ADR-DD02: Documentation Main Content and Navigation Strategy¶
Establishes how README.md and docs/index.md relate, defines content inclusion patterns, and specifies navigation automation with mkdocs-literate-nav.
- Status: Proposed
- Date: 2025-11-23
- Owner: Documentation Working Group
- Supersedes: None
- Related: ADR-DD01: Documentation System Reorganization Strategy
Context¶
Following ADR-DD01's filesystem reorganization and literate-nav adoption (TODO #9, Part 4e complete), we now have:
- README.md: Rich user-facing content with Vision & Goals, Features, Quick Start, Installation, and Documentation Structure overview
- docs/index.md: Auto-generated sparse documentation map—just a flat list of all documents by section
- Navigation: Filesystem-driven via
generate_mkdocs_nav.pyproducingdocs-nav.mdfor mkdocs-literate-nav - Build automation: Scripts for CLI docs generation, doc-index generation, and README sync verification
Current Problems¶
-
Content Divergence: README.md has substantial onboarding content (vision, features, quick start) that doesn't appear in docs/index.md. Newcomers arriving at the published documentation site see only a file listing, not the compelling project introduction.
-
Document Purpose Confusion: Both documents serve entry points but target different contexts:
- README.md: GitHub repository landing page, must be immediately actionable
-
docs/index.md: MkDocs site home, should orient users to the full documentation landscape
-
Maintenance Burden: No clear strategy for what content belongs where, when duplication is acceptable, or how to keep critical sections synchronized.
-
Navigation Clarity: Auto-generated
docs-nav.mdworks well for filesystem traversal but lacks curation—no persona-based entry points, no workflow-oriented groupings, no "start here" guidance. -
Content Reusability: Complex sections (installation steps, development setup, pattern system overview) appear in multiple places with manual duplication and drift risk.
Design Constraints¶
- Filesystem-driven navigation is non-negotiable (ADR-DD01 decision): Documentation structure must mirror
docs/tree with literate-nav auto-generation - README.md must remain editable: Cannot become a pure build artifact—GitHub display requires direct file readability
- CI verification: Must detect when critical content drifts between README and documentation
- Incremental adoption: Solution must work with current tooling (mkdocs-literate-nav, mkdocs-gen-files) without major architectural changes
- Contributor accessibility: Documentation workflow should be obvious to new contributors without deep tooling knowledge
Decision¶
Adopt a Progressive Enhancement content strategy with phase-based implementation:
1. Content Architecture¶
README.md: Concise Project Gateway¶
README.md serves as the GitHub repository landing page and remains hand-maintained. It provides:
- Project description: 2-3 sentence elevator pitch
- Vision & Goals: Why the project exists, what problems it solves (4-6 bullet points)

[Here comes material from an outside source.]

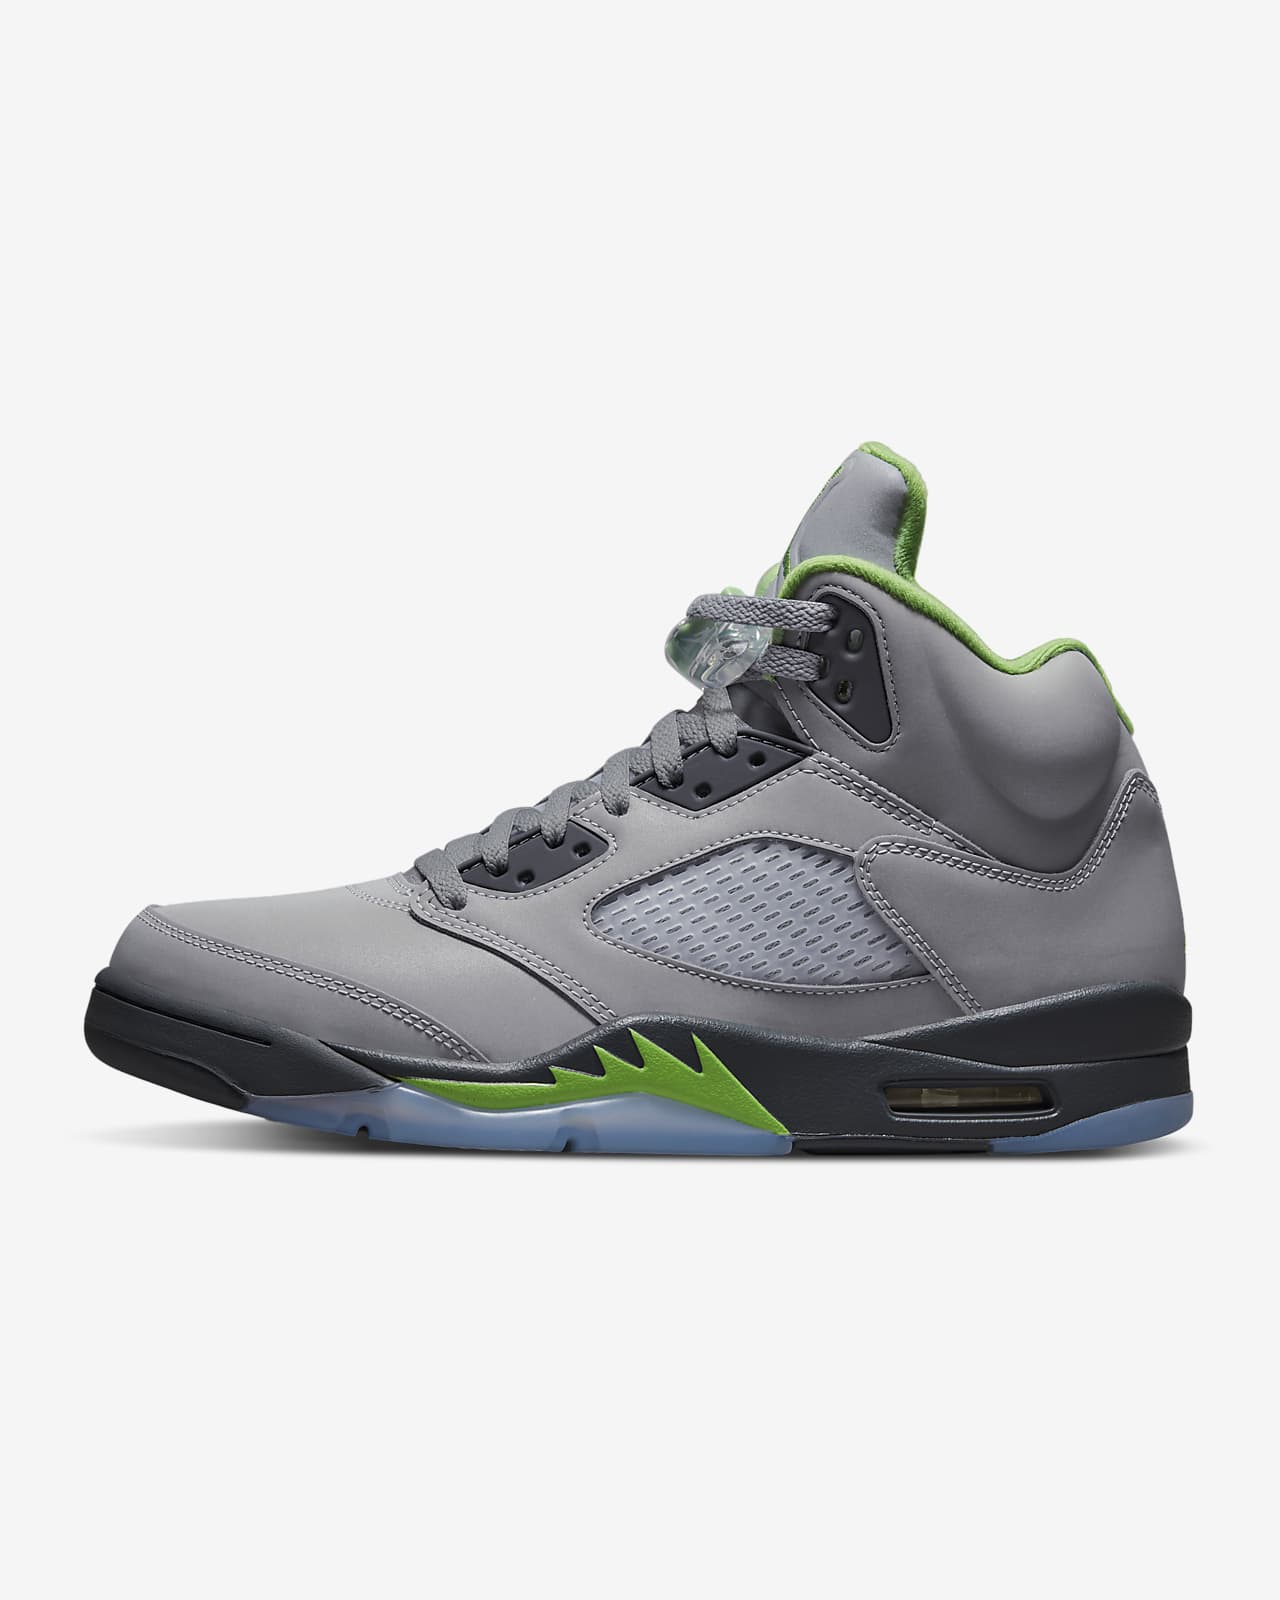 Visión general Goteo vestíbulo Air Jordan 5 Retro “Green Bean” Men's Shoes. Nike.com

- Features: High-level capabilities overview (Core Tools summary, Pattern System summary)
- Quick Start: Minimal install + first command (PyPI install, tnh-setup, example usage)
- Documentation Overview: Brief orientation + link to full docs site
- Development: Pointer to DEV_SETUP.md and CONTRIBUTING.md
- Project Status: Current version, alpha/beta/stable designation
- Support & Community: Links to issues, discussions, documentation
README.md stays concise (target: readable in 2-3 scrolls, ~200-250 lines). Detailed content lives in the documentation site.
docs/index.md: Comprehensive Documentation Hub¶
docs/index.md serves as the MkDocs site landing page and becomes the primary onboarding experience. It provides:
- Welcome Section: Same project description as README (synchronized manually or via drift reporting)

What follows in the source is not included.